Além dos sinais já emitidos de que poderia sair à reeleição, um nome da base de Hildon Chaves foi lançado à prefeitura: Thiago Tezzari, do PSD,  que é presidido por Expedito Netto, filho do cacique Expedito Júnior, um dos mandatários do PSDB, partido do prefeito. Thiago estaria sendo preparado para ser o sucessor de Hildon ou para ser o vice-prefeito?

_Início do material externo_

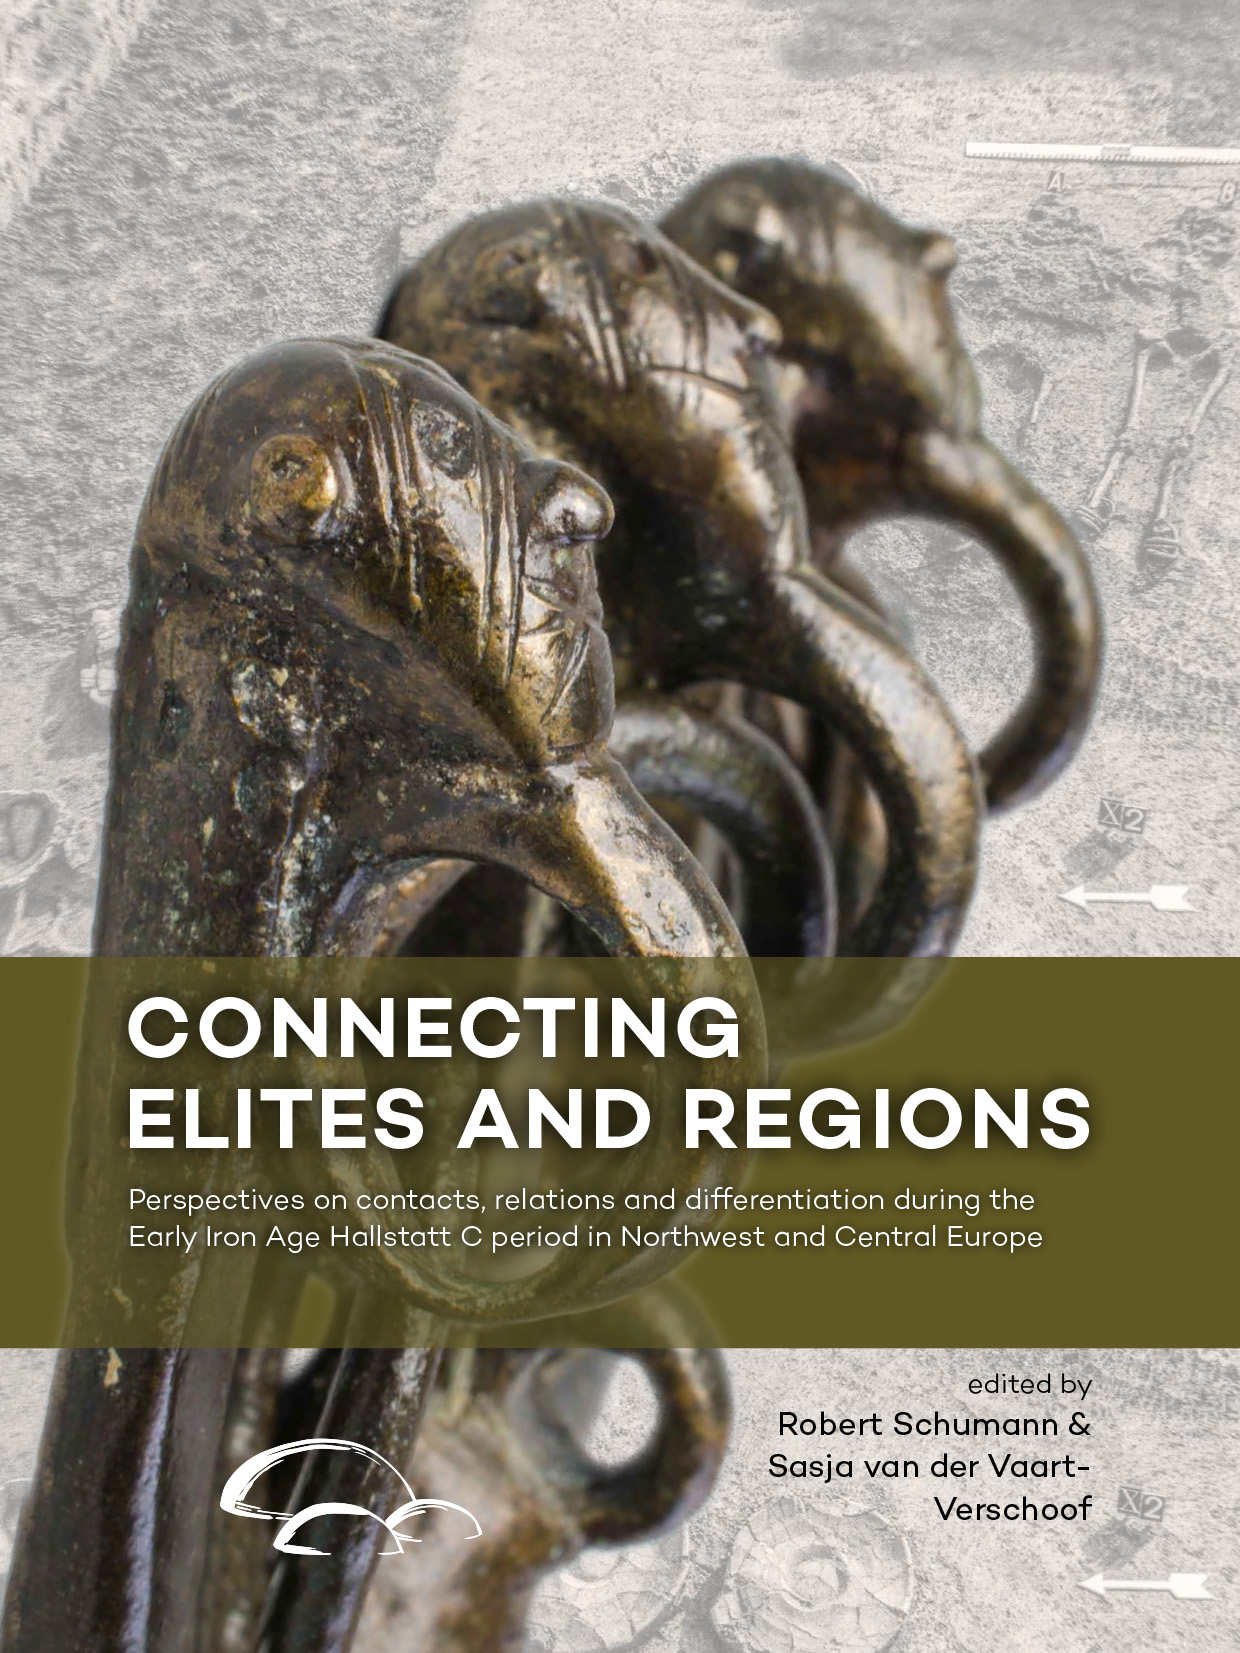 Connecting Elites and Regions. Perspectives on contacts, relations and differentiation during the Early Iron Age Hallstatt C period in Northwest and Central Europe, 2017, 386 p.

Tezzari que tinha se desincompatibilizado da EMDUR e depois retornado devido às mudanças do calendário eleitoral em função do adiamento das eleições, também imprimiu ritmo forte nos últimos dias, inaugurando iluminação na cidade e até na ponte sobre o rio Madeira, o que lhe valeu o título de “Thiago, o iluminado”.
 
Por último, o prefeito convocou para ontem uma coletiva de imprensa para falar da vitória na justiça sobre a licitação do transporte coletivo e não compareceu, frustrando jornalistas afoitos para saber a decisão final de que sairia ou não à reeleição. Quem compareceu foi o Secretário Municipal de Trânsito, Mobilidade e Transportes Nilton Gonçalves Kisner. 
 
Em resumo, o mistério sobre a decisão de Hildon continua, embora as sinalizações demonstrem de que ele vai sim sair à reeleição, tendo como vice, Thiago Tezzari. O que embaralharia de novo a sucessão.